Iran is paying the price for its enthusiasm for Western consumer goods. A spending spree from 1990 to 1992 has left it billions of dollars in debt. The fall in income as oil prices tumble, the credit squeeze, curbs on imports, price increases, falling value of the currency, the rial, lack of jobs and rising expectations 14 years after the Islamic revolution, all pose potential dangers for the government. But apart from a few demonstrations over housing, which the government put down in characteristically brutal fashion, the regime is under little pressure. Opposition to the policies of President Ali Akbar Rafsanjani remains muted, since no viable alternative presents itself. The main opposition is within the regime itself.
The economic crisis is likely to make Iran more pragmatic in its dealing with Western countries and creditors, rather than less. It has improved ties with the Gulf Arabs and established high-level contact with Iraq. Yet Iran is still demonised in some quarters for exporting Islamic revolution. The Green (Islamic) Peril is said to have replaced the Red Threat. Egypt, Algeria and Tunisia have all pointed the finger at Tehran, and - without producing evidence - accused it of backing the Islamic regime in Sudan.

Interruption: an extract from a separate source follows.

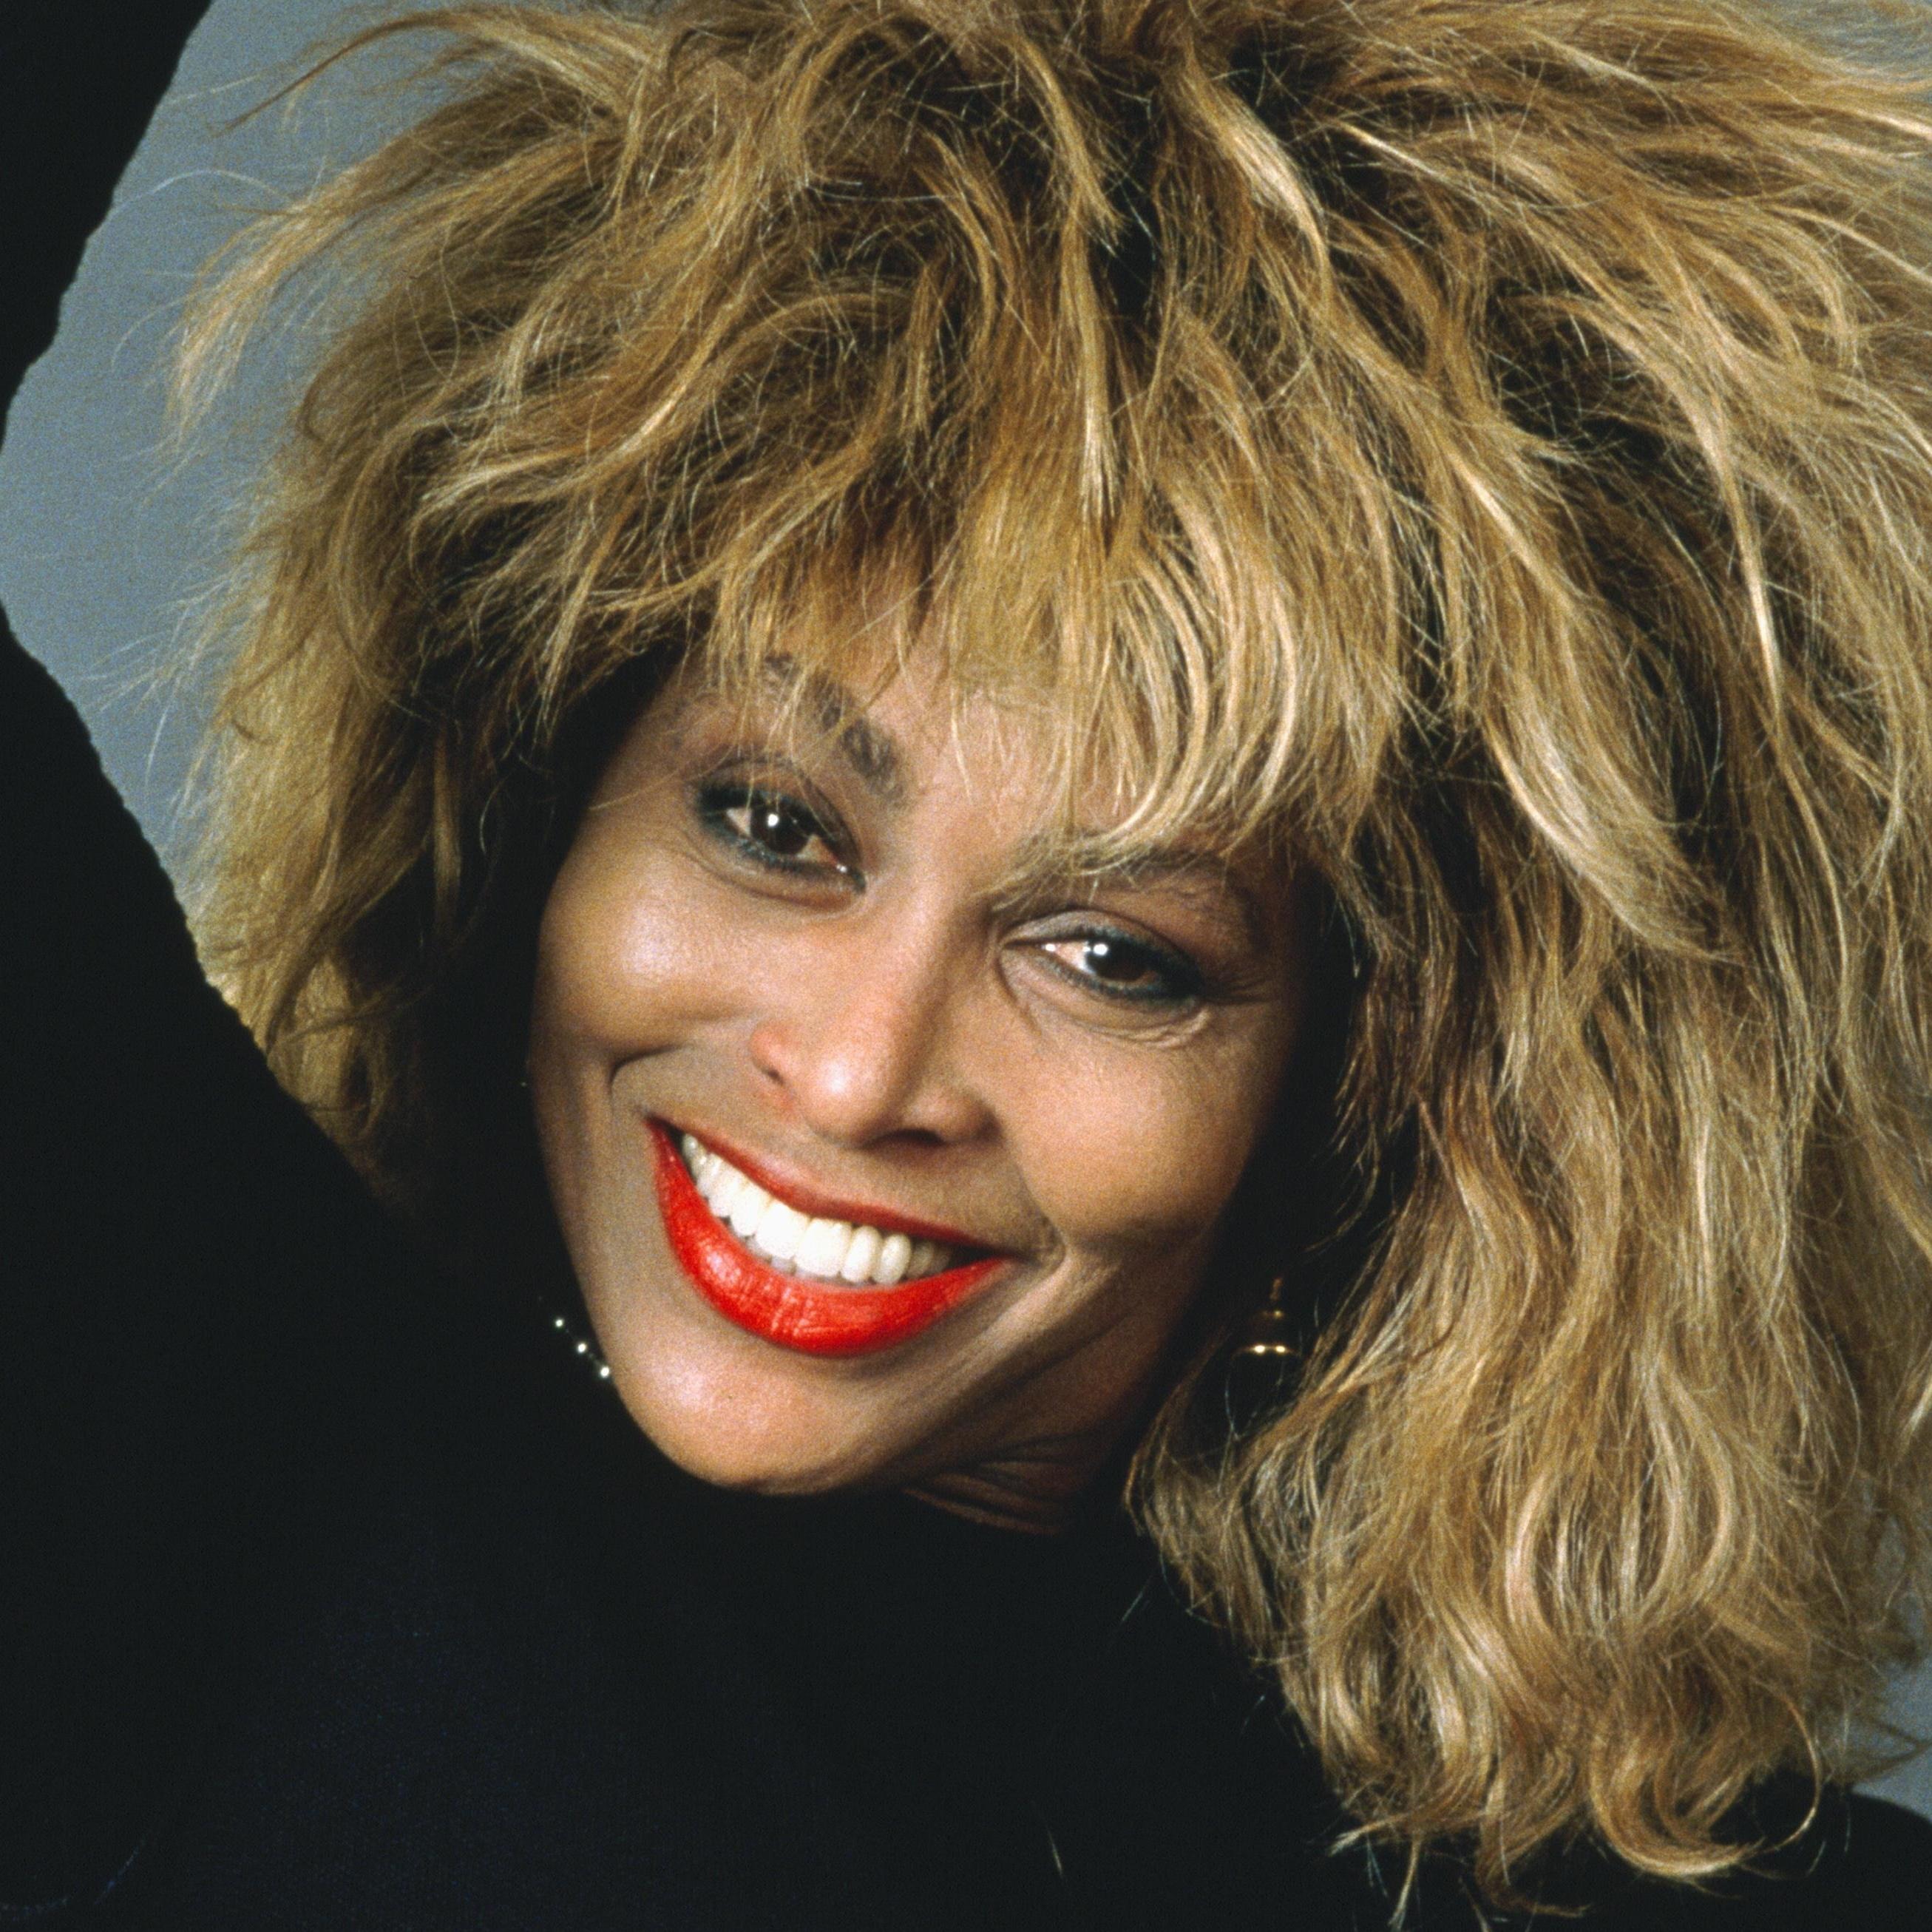 that in2017 Tina Turner received a kidney donated by her husband.

Iran's capacity for mischief can never be underestimated. Most of its targets have been Iranian dissidents abroad. Hardliners seldom lose an opportunity to berate the West for its policies over Bosnia. But the authorities are now moving to appoint a new grand ayatollah as marj at- taqlid - one who through his learning and probity is qualified to be followed on all points of law and practice by the majority of Shias.
With the death of the last great Shia divine, Grand Ayatollah Syed Muhammad Reza Golpayegani, the Iranian authorities are trying to appoint a man who would combine the functions of both religious and political leadership. This would have reverberations beyond Iran in Shia communities in Iraq, Lebanon and the Indian subcontinent.